What you're doing is Undefined Behaviour, and that it "works" is entirely accidental. You cannot and must not ever rely on this, because it could do just about anything. The behaviour of it is not defined.
作为实现细节,
vector::iterator 很容易是int*。我认为在g++中,它是一个围绕int*的非常薄的包装器。如果是这种情况,那么擦除三元素向量的中间元素意味着it的指针数据成员仍指向与删除的元素相同的地址,当然该地址将包含该值之前紧随其后,并且也被it2有效引用。该标准不保证
it仍会引用任何内容,这就是为什么您不能依赖在这里观察到的行为。但它解释了你所看到的。当您取消引用它时,实现几乎必须竭尽全力才能使其他事情发生。但编译器每天都会不遗余力:例如,调试库的版本,并且一些优化技术依赖于代码正确的假设。As an implementation detail,
vector<int>::iteratorcan easily beint*. I think ing++it's a very thin wrapper around anint*. If that's the case, then erasing the middle element of a three-element vector means that the pointer data member ofitis left pointing at the same address as the element removed, which of course will contain the value that previously was straight after it, and which is also validly referred to byit2.The standard does not guarantee that
itwill still refer to anything, which is why you can't rely on the behavior you've observed here.
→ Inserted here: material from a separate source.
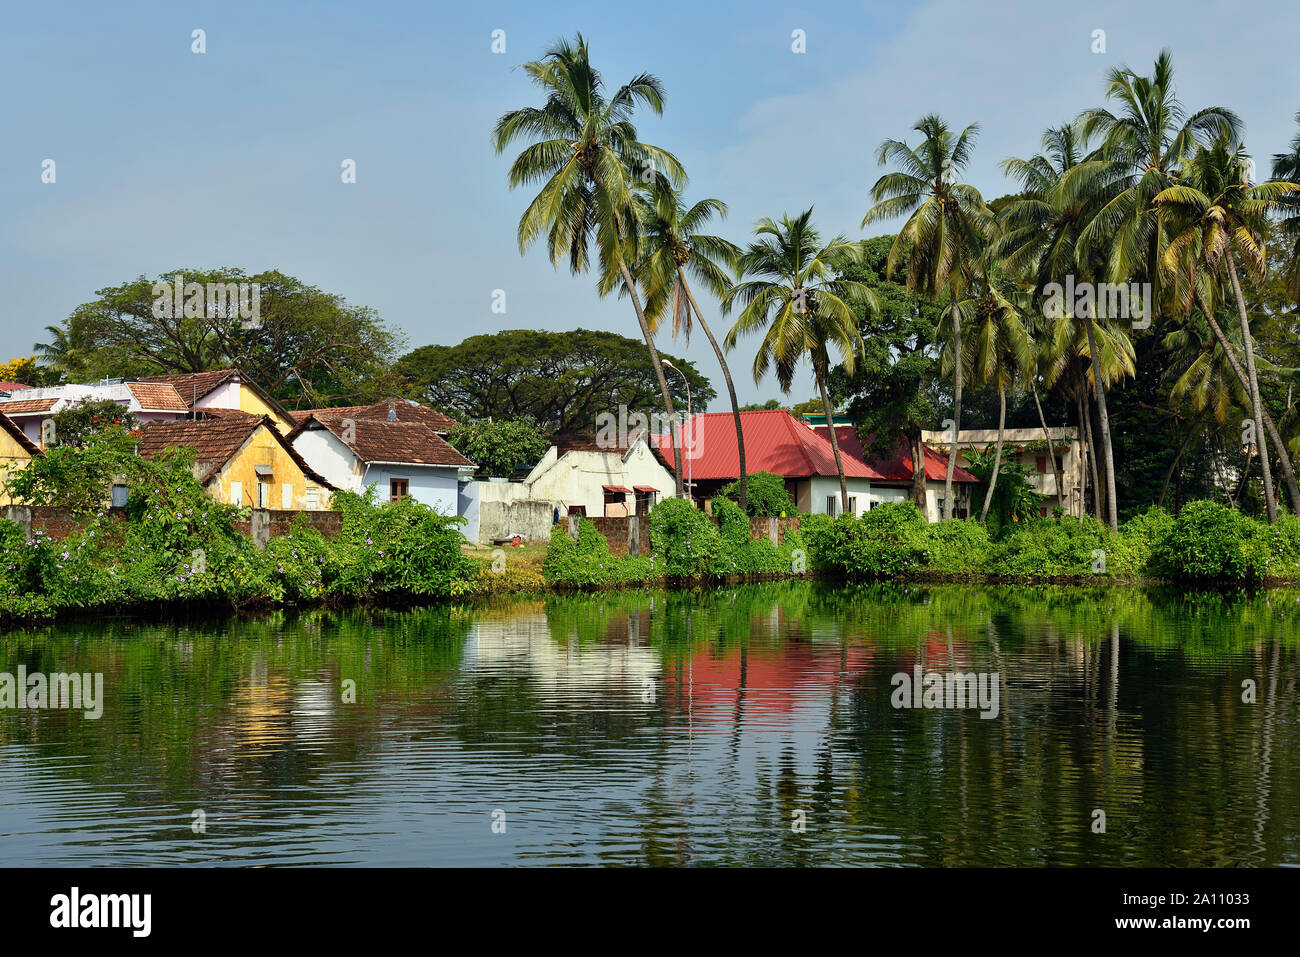 Traditional building development in Kochin, in the background reflecting the tropical flora in the water, Kerala - India. Stock Photo

But it explains what you've seen. An implementation pretty much has to go out of its way to make anything else happen when you dereferenceit. But compilers do go out of their way every day: debugging versions of the libraries for example, and some optimization techniques rely on assumptions that your code is correct.